Halloween excitement is starting to build on the farm as we get ready for the first weekend of pumpkin picking. The long term weather forecast is for crisp clear autumn weather. Ideal for a trip to our pumpkin patch. Opening from Saturday 20th of October, the first time slot is 11.30 am.
Its an Irish Thing
Pumpkins & celebrating Halloween comes from a place deep inside us. The Celts celebrated four festivals every year. None of them was connected in anyway to the sun’s cycle. The origin of Halloween comes from the Celt’s Autumn festival which was held on the first day of the 11th month, the month known as November in English but as Samhainin Irish.
The festivals are known by other names in other Celtic countries but there is usually some similarity, if only in the translation.
In Scottish Gaelic, the autumn festival is called Samhuinn.

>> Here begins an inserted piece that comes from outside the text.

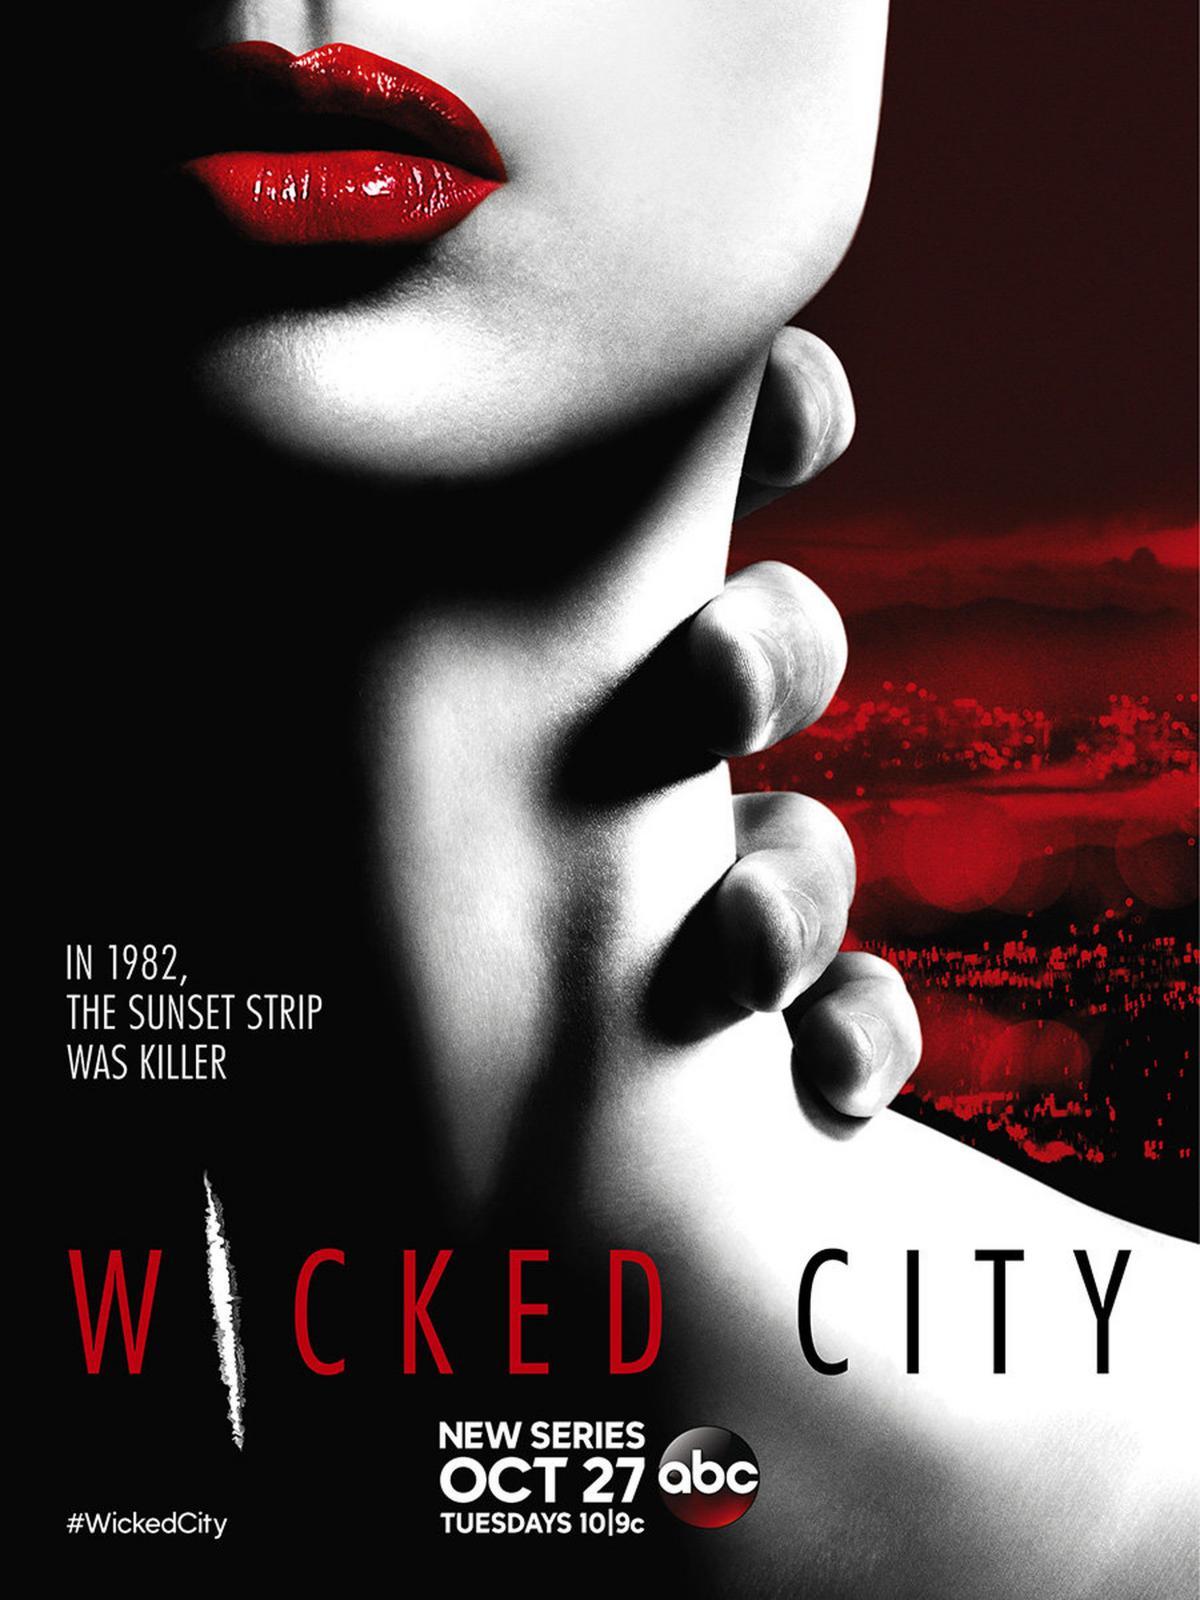 Сериал Злой город (Wicked City) - ПОСТЕР 1 СЕЗОНА.jpg

In Manx it is Sauin.
The root of the word – sam – means summer, while fuin means end. And this signals the idea of a seasonal change rather than a notion of worship or ritual.
The other group of Celtic languages (known as Q-Celtic) have very different words but a similar intention. In Welsh, the day is Calan Gaeaf, which means the first day of winter. In Brittany, the day is Kala Goanv, which means the beginning of November.
The Celts believed that the passage of a day began with darkness and progressed into the light. The same notion explains why Winter – the season of long, dark nights – marked the beginning of the year and progressed into the lighter days of Spring, Summer and Autumn.
So the 1st of November, Samhain, was the Celtic New Year, and the celebrations began at sunset of the day before ie its Eve.
The Irish brought the tradition of carving pumpkins into Jack O’Lantern to America. But, the original Jack O’Lantern was not a pumpkin. Pumpkins did not exist in Ireland. Ancient Celtic cultures in Ireland carved turnips on All Hallow’s Eve, and placed an ember in them, to ward off evil spirits.
So our pumpkin patch is really a trip fully circle from Ancient Ireland, to the New America and back to modern Ireland.
We look forward to seeing you over the coming weeks The team from The Town Cafe are busy prepping Halloween treats for you all.